The Programming Thread

Swammerdami · Jul 30, 2024

Binary search is very useful and probably in much more common use than hash tables. BUT I cannot condone the ANSI standard bsearch() function.

When the key is not found in the searched table, it's not unusual to want the nearest element instead. Or even to create an entry for that new key. I don't insist that bsearch() be capable of creating a new entry. BUT it's already done the main task: locating where the new entry should go. However (to keep the interface very simple) bsearch() returns only a null pointer when no exact match is found. Insertion will require that you then do the equivalent of what bsearch() just did but you'll need to "roll your own." Rolling your own anyway, what good was bsearch()?

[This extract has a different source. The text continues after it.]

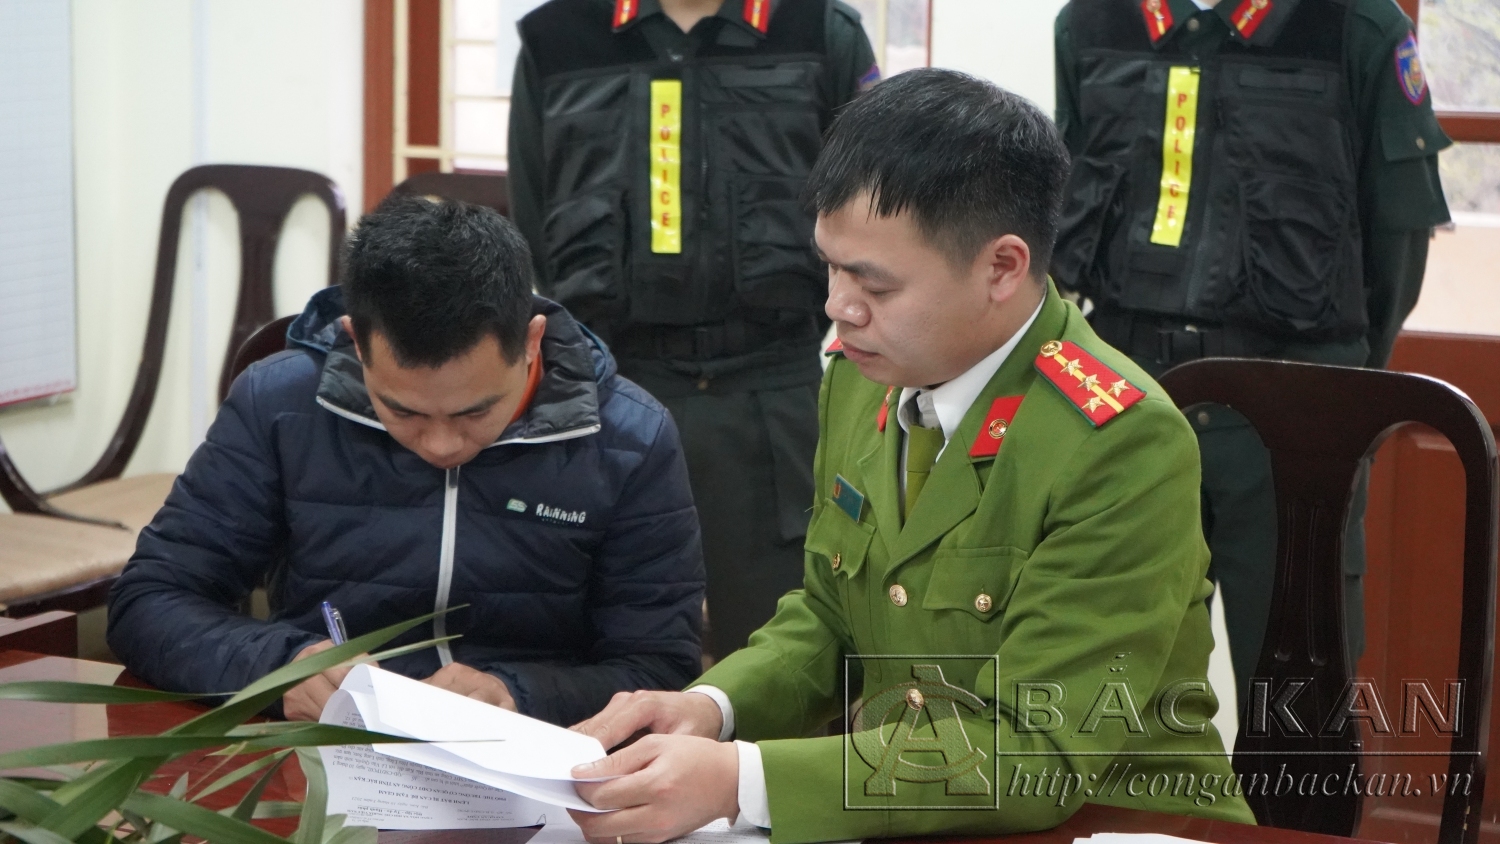   Đối tượng Lê Văn Quyên bị khởi tố về hành vi mua bán người dưới 16 tuổi.

bsearch() itself is only a tiny bit of C source code, although it allows the same generality as qsort(). But you don't need that; start with a VERY trivial template and derive your own code for any particular table.

At least ANSI was smart enough to reject BSD's hsearch() which has a horrid interface.

Related to a sorted table for binary search (which uses time log_2(N) for look-up ) is a digital search tree (e.g. trie) where log_5(N) look-up time suffices if each node has fan-out of 5.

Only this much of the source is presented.